I have also changed the following line to
if (auto *CN = BV->getConstantFPSplatNode())

eraman updated this revision to Diff 155779.Jul 16 2018, 4:03 PM
eraman marked an inline comment as done.

Address Simon's comments.

RKSimon added inline comments.Jul 17 2018, 2:57 AM
lib/Target/X86/X86ISelLowering.cpp
36852 ↗(On Diff #155779)

Are there any circumstances that this isn't a ConstantFP? getTargetConstantFromNode peeks through bitcasts so don't you need to use dyn_cast_or_null?

36863 ↗(On Diff #155779)

dyn_cast_or_null?

eraman updated this revision to Diff 155968.Jul 17 2018, 1:57 PM

Change cast_or_null to dyn_cast_or_null

lib/Target/X86/X86ISelLowering.cpp
36852 ↗(On Diff #155779)

I have changed it to dyn_cast_or_null, but thinking about it I don't think that is needed. First, the current code reads

if (Op1.getOpcode() == X86ISD::VBROADCAST) {

if (auto *C = getTargetConstantFromNode(Op1.getOperand(0)))
  if (isSignMask(cast<ConstantFP>(C)))

The x86 vbroadcast instruction broadcasts floating point values, so I think the cast<ConstantFP> is right.

RKSimon added inline comments.Jul 18 2018, 7:41 AM
lib/Target/X86/X86ISelLowering.cpp
36852 ↗(On Diff #155779)

If you look at getTargetConstantFromNode the first thing it does is call peekThroughBitcasts so it can have any type. In fact we should probably be checking that the vector's element size is correct as well.

This is the kind of thing a fuzz test finds in 3 months time......

eraman added inline comments.Jul 26 2018, 11:06 AM
lib/Target/X86/X86ISelLowering.cpp
36852 ↗(On Diff #155779)

I don't get the comment about vector's element size. Which verctor's element size should be checked here?

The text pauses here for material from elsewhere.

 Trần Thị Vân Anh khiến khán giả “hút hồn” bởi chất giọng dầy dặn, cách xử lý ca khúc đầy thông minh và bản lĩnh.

RKSimon added inline comments.Jul 30 2018, 6:30 AM
lib/Target/X86/X86ISelLowering.cpp
36852 ↗(On Diff #155779)

Looking at this again, you could simplify a lot of this by using getTargetConstantBitsFromNode instead to extract all the bits for you, avoiding all the BROADCAST/BUILD_VECTOR special cases as getTargetConstantBitsFromNode should do all of that already.

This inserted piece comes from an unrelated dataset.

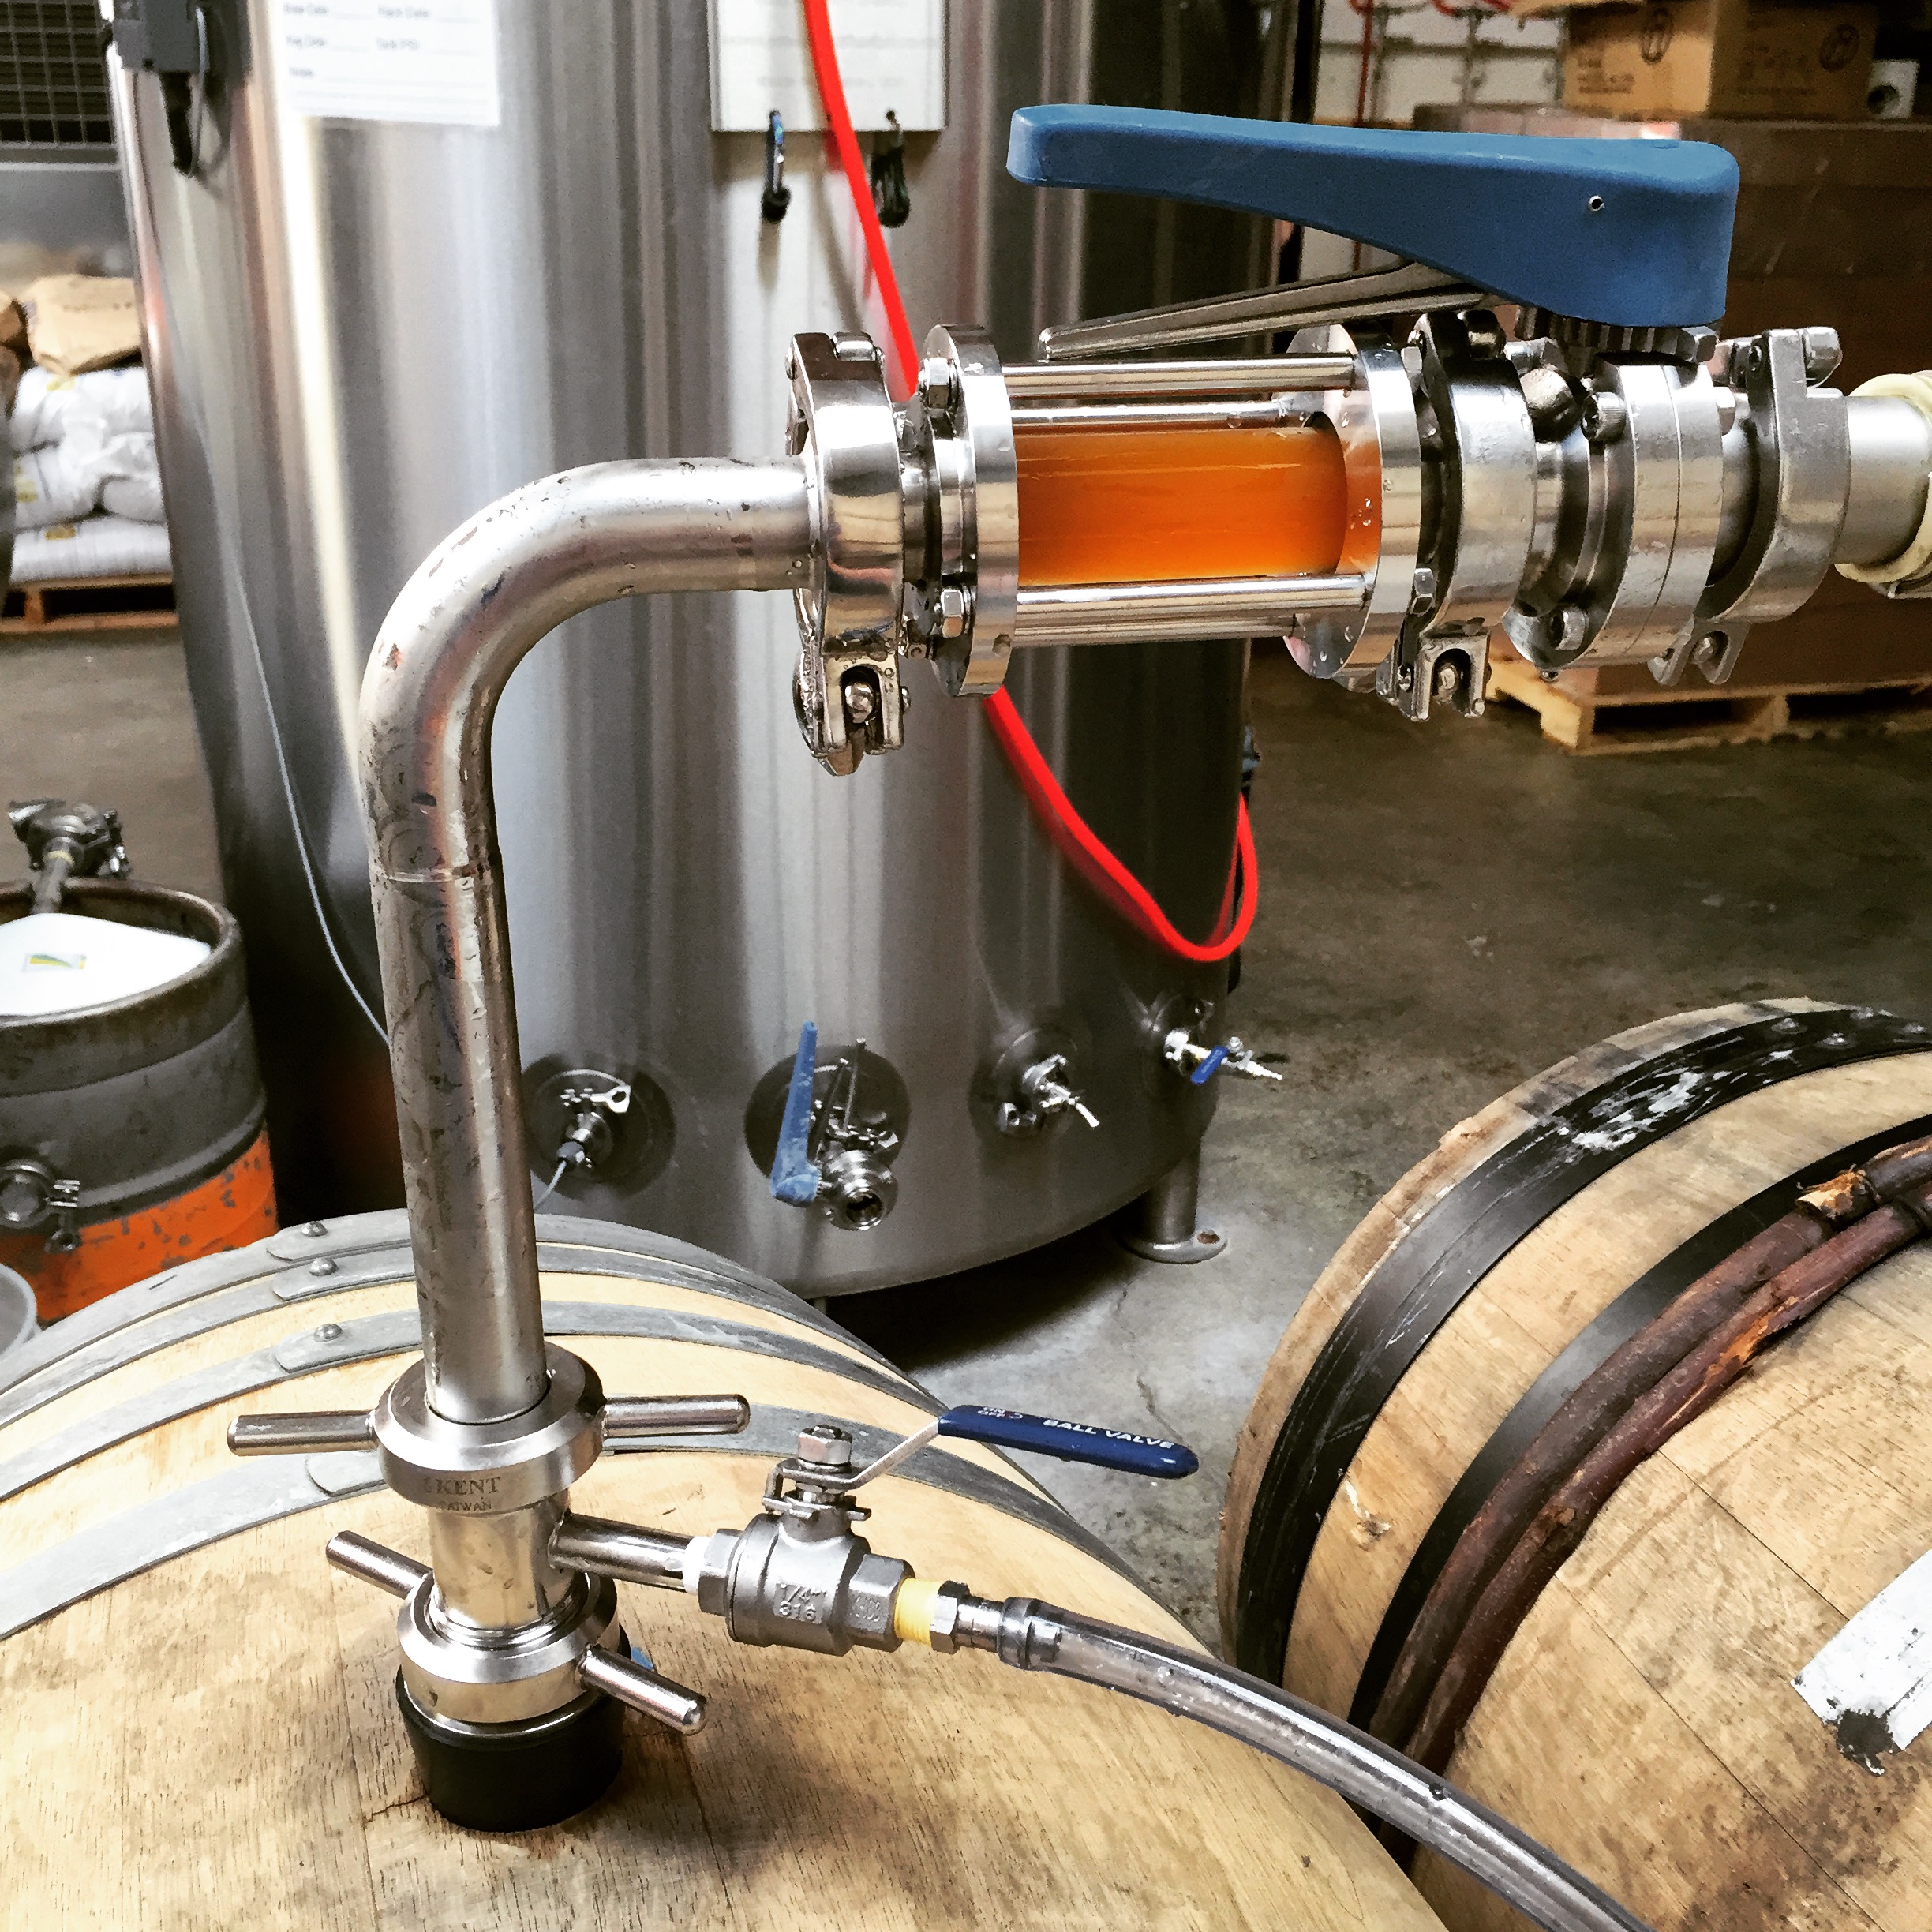 Racking beer in to barrels

@eraman Please can you take a look at rL338358 - this shows how to use getTargetConstantBitsFromNode to avoid a lot of extra checks you need from using getTargetConstantFromNode directly

eraman updated this revision to Diff 158802.Aug 2 2018, 11:08 AM

Updates to work with r338358.

@eraman Please can you take a look at rL338358 - this shows how to use getTargetConstantBitsFromNode to avoid a lot of extra checks you need from using getTargetConstantFromNode directly

I have updated the code to make use of this. I had to extend getTargetConstantBitsFromNode to support build vector of ConstantFPSDNodes. PTAL.

RKSimon added inline comments.Aug 3 2018, 3:36 AM
lib/Target/X86/X86ISelLowering.cpp
36937 ↗(On Diff #158802)

unsigned - only use auto when the type is very obvious

36965 ↗(On Diff #158802)

Do we have test coverage for ignoring the undefs?

36970 ↗(On Diff #158802)
for (unsigned I = 0, E = EltBits.size(); I < E; I++)
36980 ↗(On Diff #158802)

Why did you create the lambda? Why not just inline Negate?

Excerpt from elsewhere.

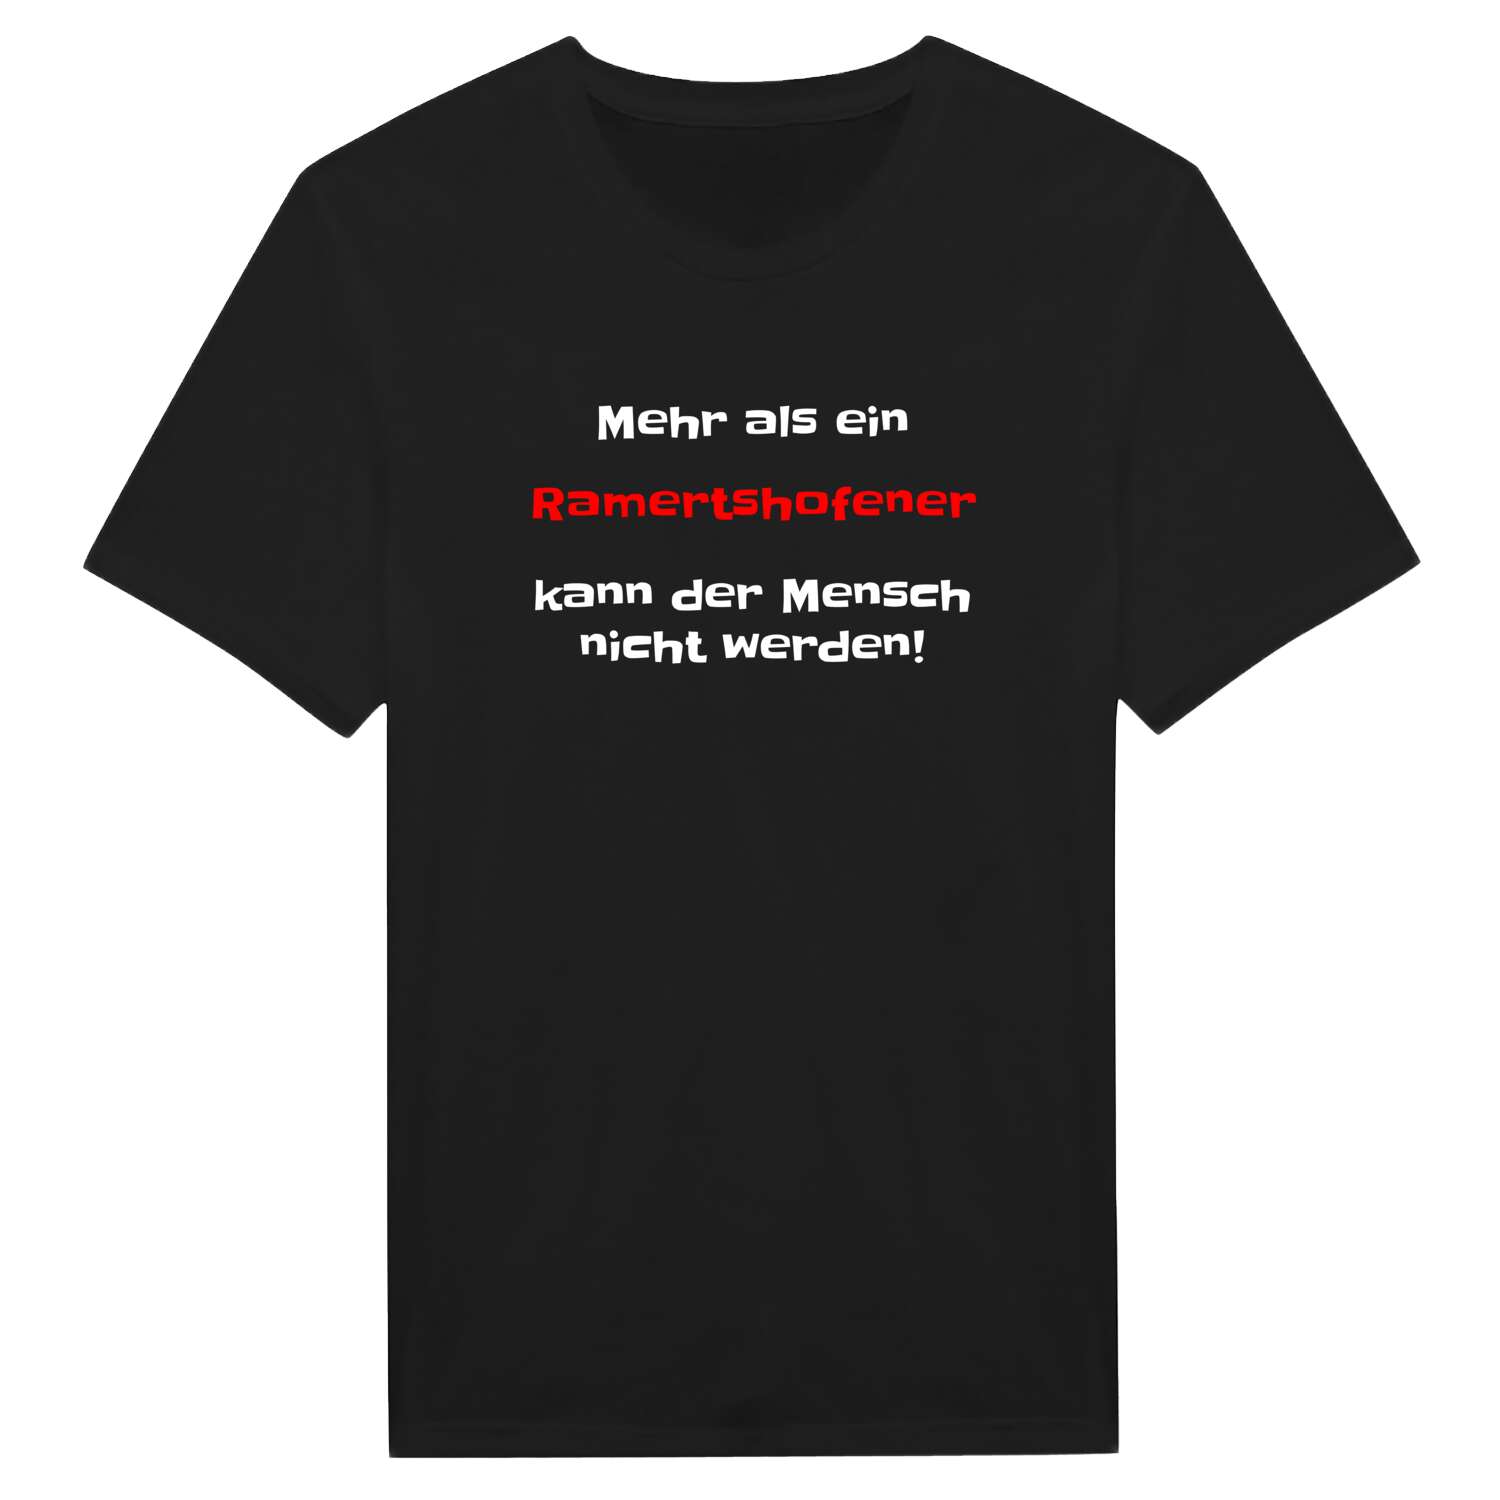 Ramertshofen T-Shirt »Mehr als ein«

eraman marked 3 inline comments as done.Aug 3 2018, 10:24 AM
eraman added inline comments.
lib/Target/X86/X86ISelLowering.cpp
36965 ↗(On Diff #158802)

test7 of avx2-fma-fneg-combine.ll has fsub with all but one elements of the constant being undef.

36980 ↗(On Diff #158802)

Carryover from an initial version where I thought the lambda made sense.

eraman updated this revision to Diff 159040.Aug 3 2018, 10:25 AM
eraman marked an inline comment as done.

Address review comments.

RKSimon accepted this revision.Aug 6 2018, 7:10 AM

LGTM

This revision is now accepted and ready to land.Aug 6 2018, 7:10 AM
This revision was automatically updated to reflect the committed changes.